Ireland Hockey hero Katie Mullan thrilled to play part in Eoghan Rua journey
Camogie player, Katie Mullan of Eoghan Rua, Derry, pictured ahead of one of #TheToughest showdowns of the year, which sees Eoghan Rua face off against Clanmaurice, Kerry, in the 2021 AIB Junior A Camogie Club All-Ireland Championship Final this Saturday, March 5th at 12.30pm at ORaghallaighs GAA, Drogheda at 2.30pm.The AIB Junior A and B Camogie Club All-Ireland Championship Finals will be streamed live from on the Official Camogie Association YouTube Channel. Photo by David Fitzgerald/Sportsfile
When the captain of the Ireland women’s hockey team was little, she did not dream of World Cups and Olympic Games.
Instead, growing up on the family farm between Coleraine and Portstewart, her life beat to the rhythms of hurling and camogie, mixing it with the boys right up to 16. It was family and friends. It was Eoghan Rua.
In time, Katie Mullan’s ability with another stick pulled her away and she has led her country to phenomenal success, earned a huge profile and became a role model not just for young girls but anyone with big dreams. And done it all with that broad, beaming smile that lightens up the day.
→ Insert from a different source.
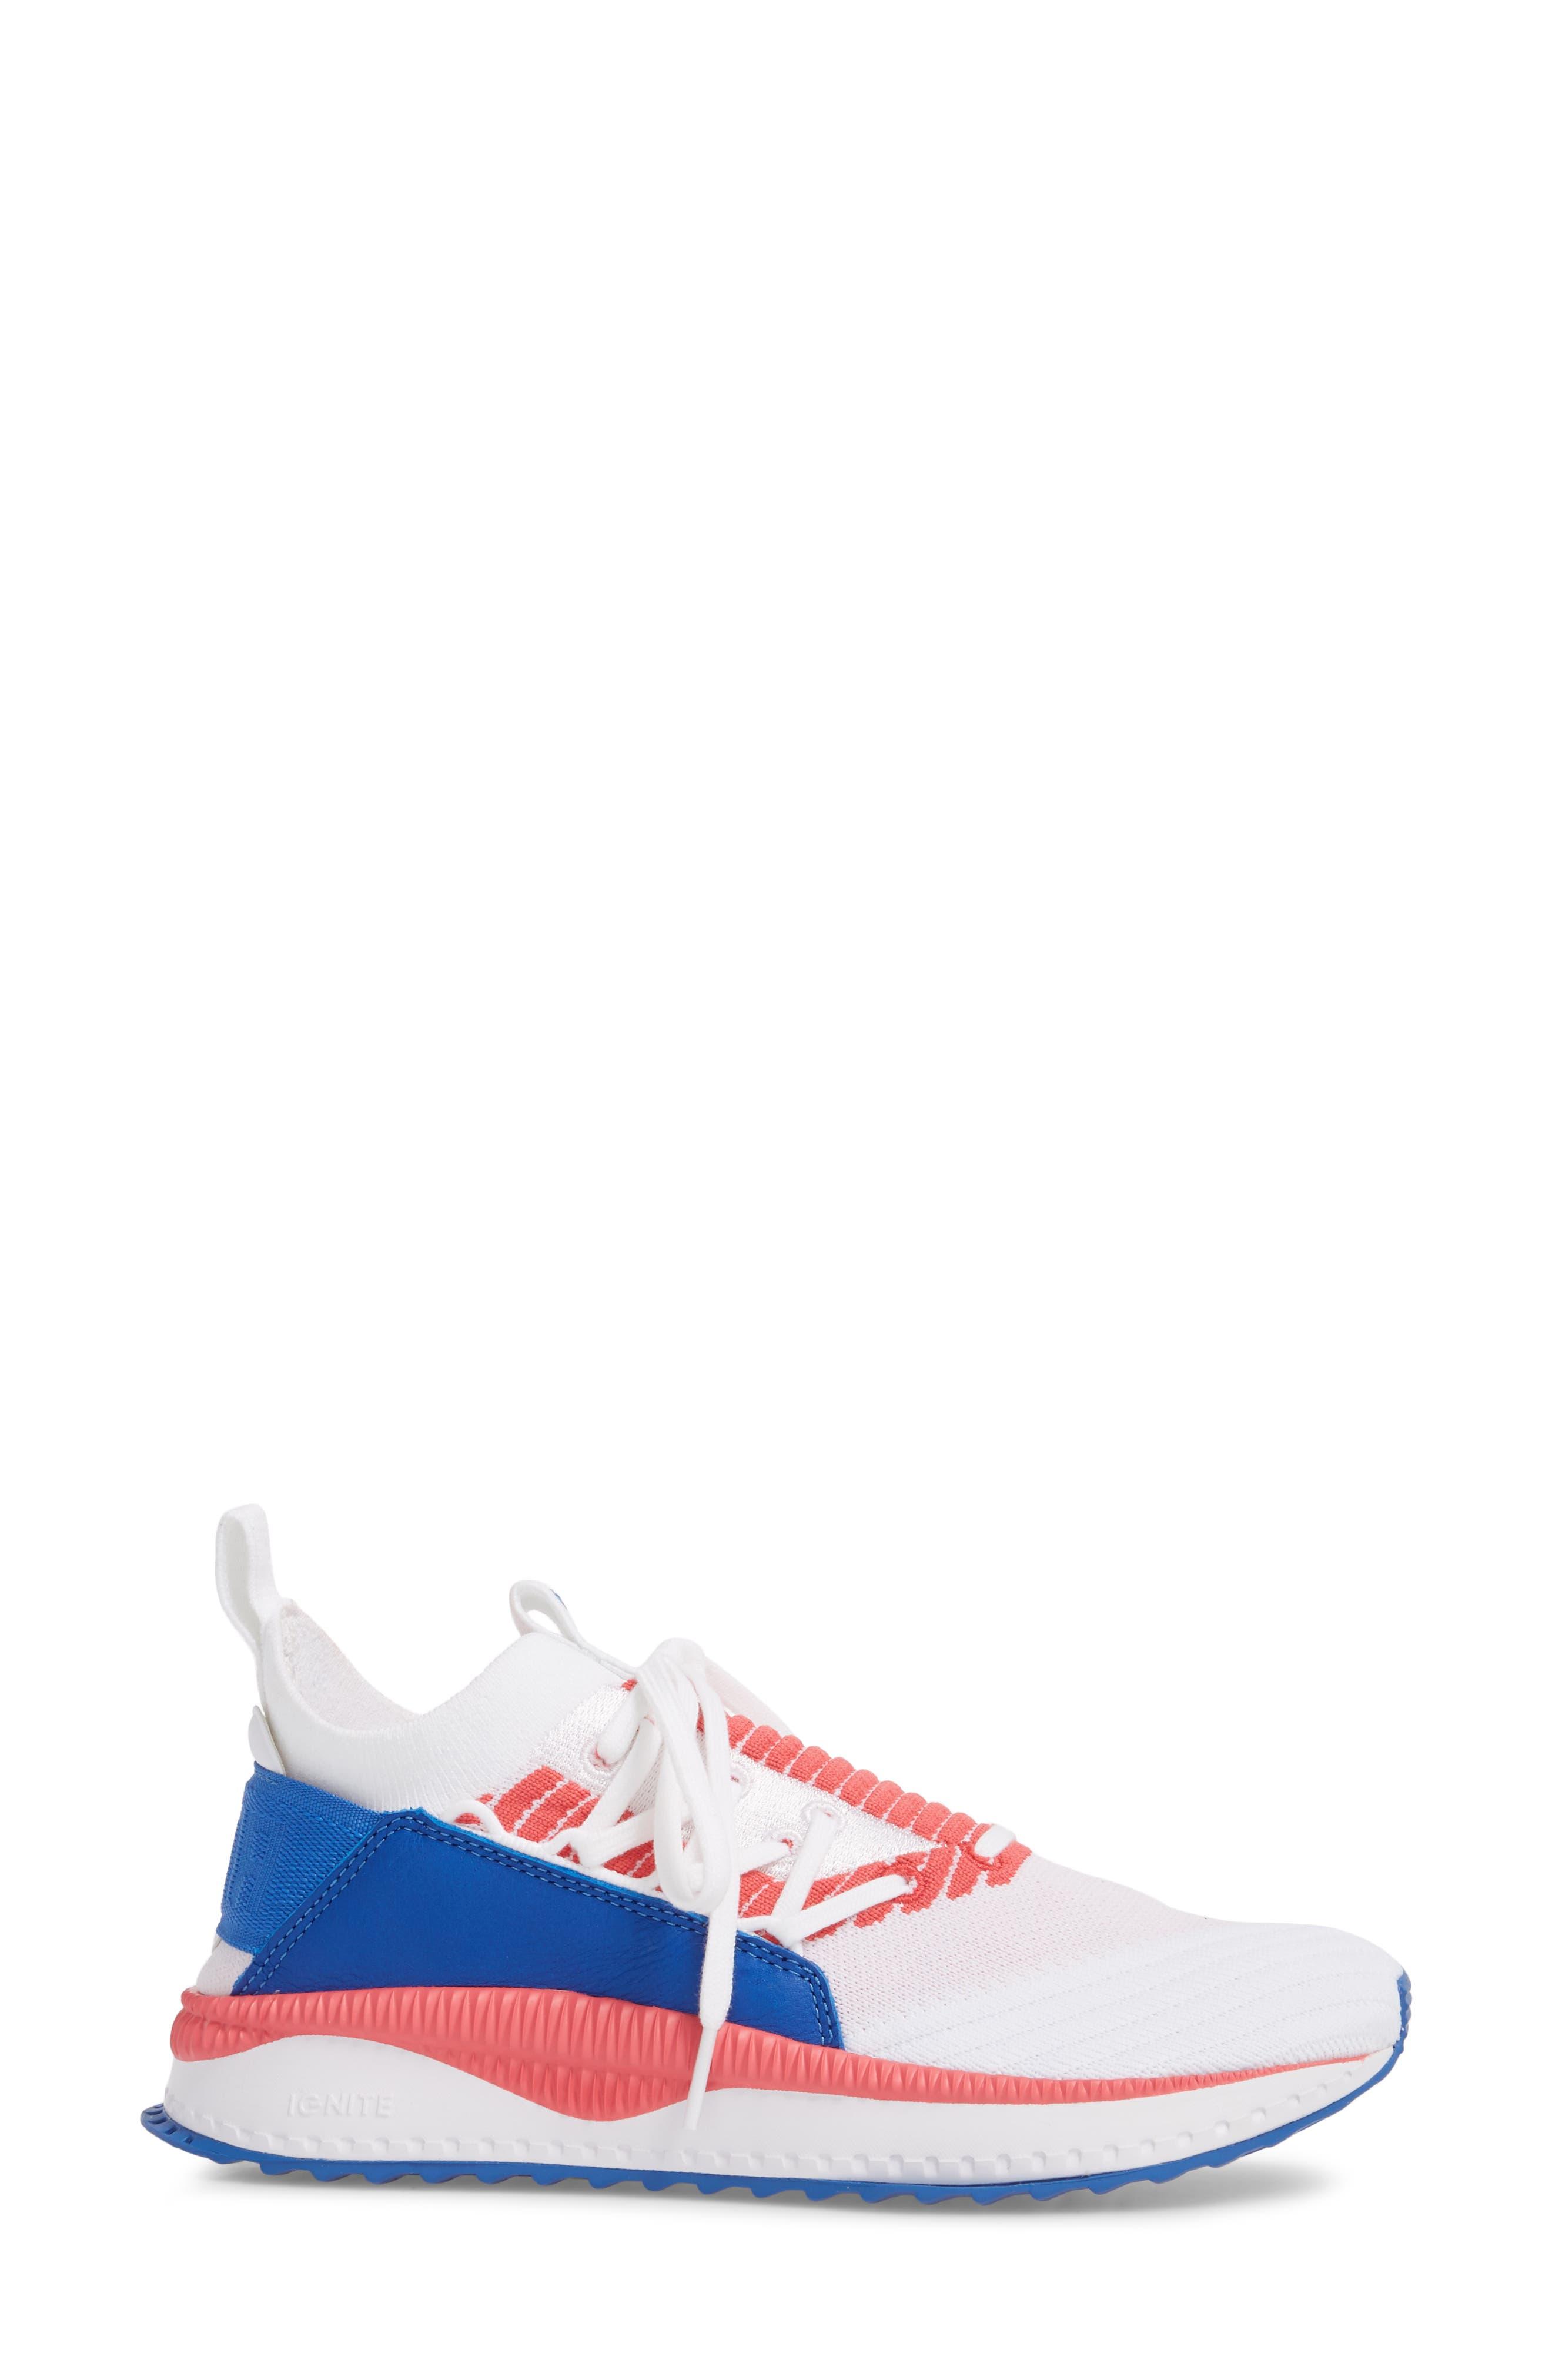 Tsugi Jun Knit Sneaker,                             Alternate thumbnail 20, color,

The 27-year-old has led her team to a World Cup final, to an Olympic Games and is now in the middle of preparations for this year’s World Cup in the Netherlands and Spain in July. Those aren’t the only preparations taking place, however.
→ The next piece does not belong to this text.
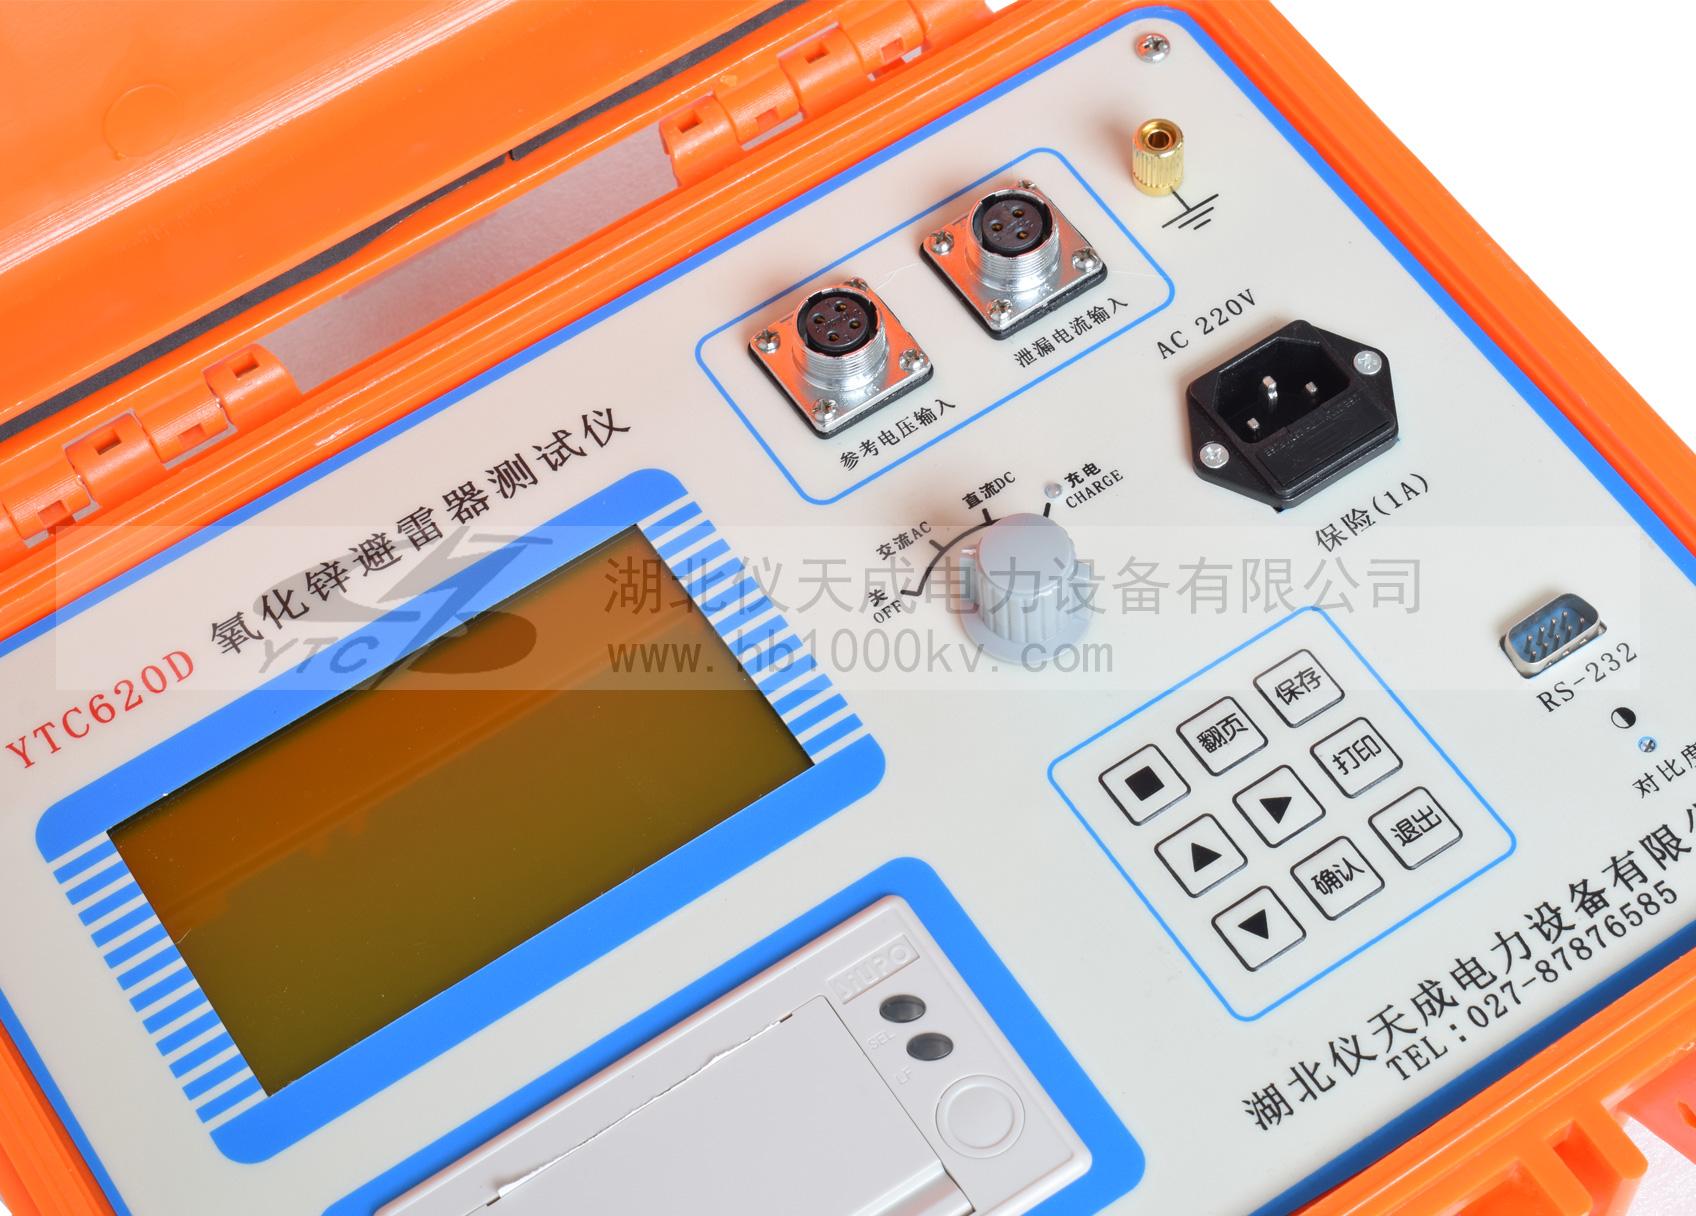 YTC620D氧化锌bilei器测试yimianban图

Mullan is now just two caps shy of a double century for Ireland, having made her debut in August 2012 against Wales as an 18-year-old. She had garnered a second AIB All-Ireland intermediate club camogie title with Eoghan Rua the previous March but the focus on hockey reduced her to a substitute’s role on both occasions, though that didn’t stop her scoring the winning goal in the 2011 semi-final.
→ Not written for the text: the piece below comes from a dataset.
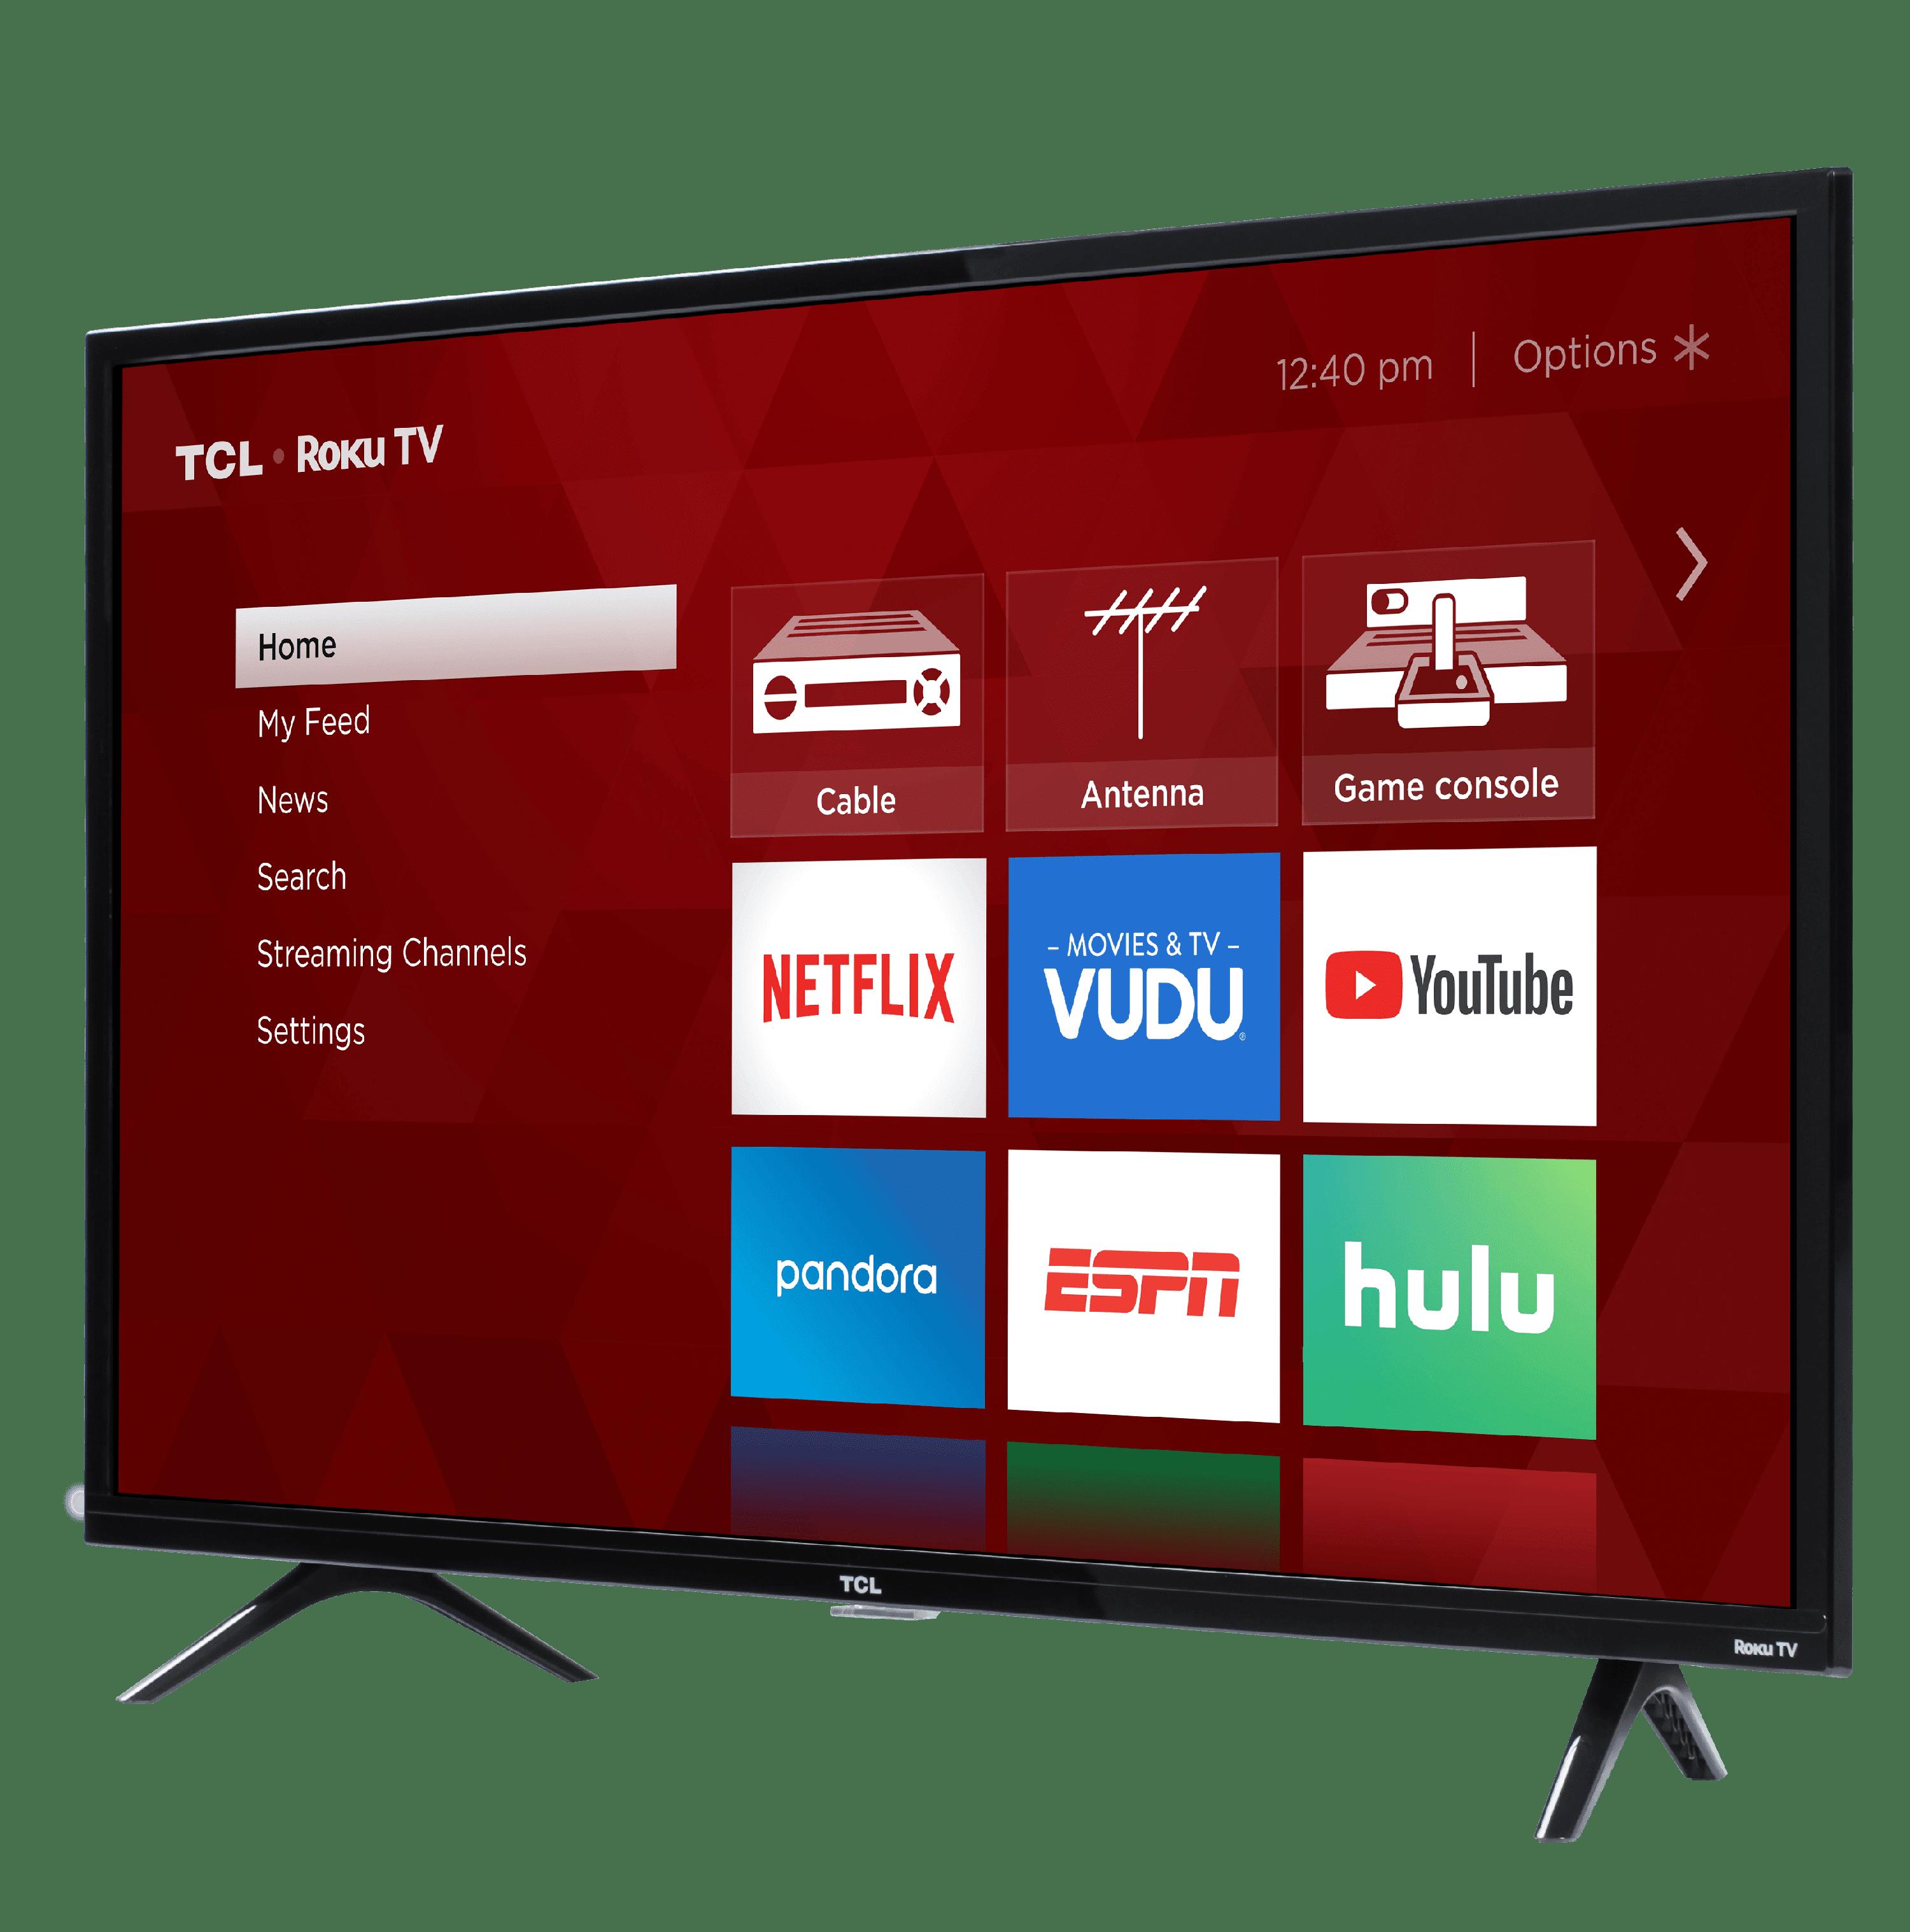 TCL 40 Class HD (1080P) Roku Smart LED TV (40S325) - Walmart com

The bonds were never severed. So when she needed them, they were there and she invariably repaid that with a reprisal of the nose for goal that has characterised her entire camogie career.
When her world was rocked by being dropped from the national squad for the European Championships in 2013, she was a key part of the team that secured the Ulster senior title – scoring 2-1 in the final – and they gave All-Ireland champions Milford the fright of their lives before the Cork side completed a two-in-a-row at Croke Park. The following season she was named player of the match after scoring 1-4 in the county final to see off a Slaughtneil side building towards history as All-Ireland senior three-in-a-row champions.
In an interview with Séamas McAleenan in the this time last year, Mullan said that camogie had saved her at this time, had massaged her bruised ego and rebuilt her confidence.
This time around, it’s different. She needed a break after the rewarding but tiring Olympic cycle, and the World Cup qualifier that followed Tokyo. And so, having attended the county final, conversations took place. Ireland’s head coach, Sean Dancer was amenable.
It was an early Christmas present for Eoghan Rua manager, Brendan McLernan and Mullan has been crucial in helping the team reach today’s junior A final against Clanmaurice of Kerry at the O’Raghallaighs grounds in Drogheda (12.30pm – livestream Camogie Association YouTube), earning a place at corner-forward in the club team of the year.
“The Olympics is a four-year cycle and for us it was a five-year cycle with the delay so it was very intense,” explains Mullan. “A lot of the team took time away and a break. For me, to pick up my hurl and play camogie with my close friends that I grew up with was a really good way for me to find that freshness and renew that energy towards the busy hockey calendar this year. It’s been fantastic.
“I watched the girls play in the county final in September, and just really got an itch to be back playing camogie. So that was when the wee seed was planted, and it’s been quite a good year and quite a good run. It’s in the last month that it’s sort of really clashed for me, but with an understanding coach, with it being an All-Ireland, he’s been very supportive in that.”
"These are girls I have been in constant contact with and been learning from over the last ten years, when I haven’t even been playing. So to be back in a changing room with them is fantastic."
She has noted not just the increasing physical contact of camogie but the endurance as well, with the days of being stuck in one position consigned to the past. And the change in rule relating to dropping the hurley has caused her some problems.
Meanwhile she is combining part-time work with Axial 3D in Belfast as a medical visualisation engineer with the two-to-three-day weekly hockey camps – they travelled to France the day after the Ulster final. Some might view the camogie as an unnecessary complication but that is to miss the point. This stint is probably concluding at just about the right time, with major hockey internationals coming up later this month against GB and the Netherlands.
And when it comes to value and importance, there's not a big difference between the environment around one of the best hockey teams in the world and a junior camogie squad.
"It’s what it means to us in this moment and that’s an awful lot, especially off the back of the struggles of the last two, three years. It’s been hard for clubs to stay connected and we found the last couple of months, and the little journey we’ve been able to take the club on is fantastic, and I’m just delighted to be a small part of that.”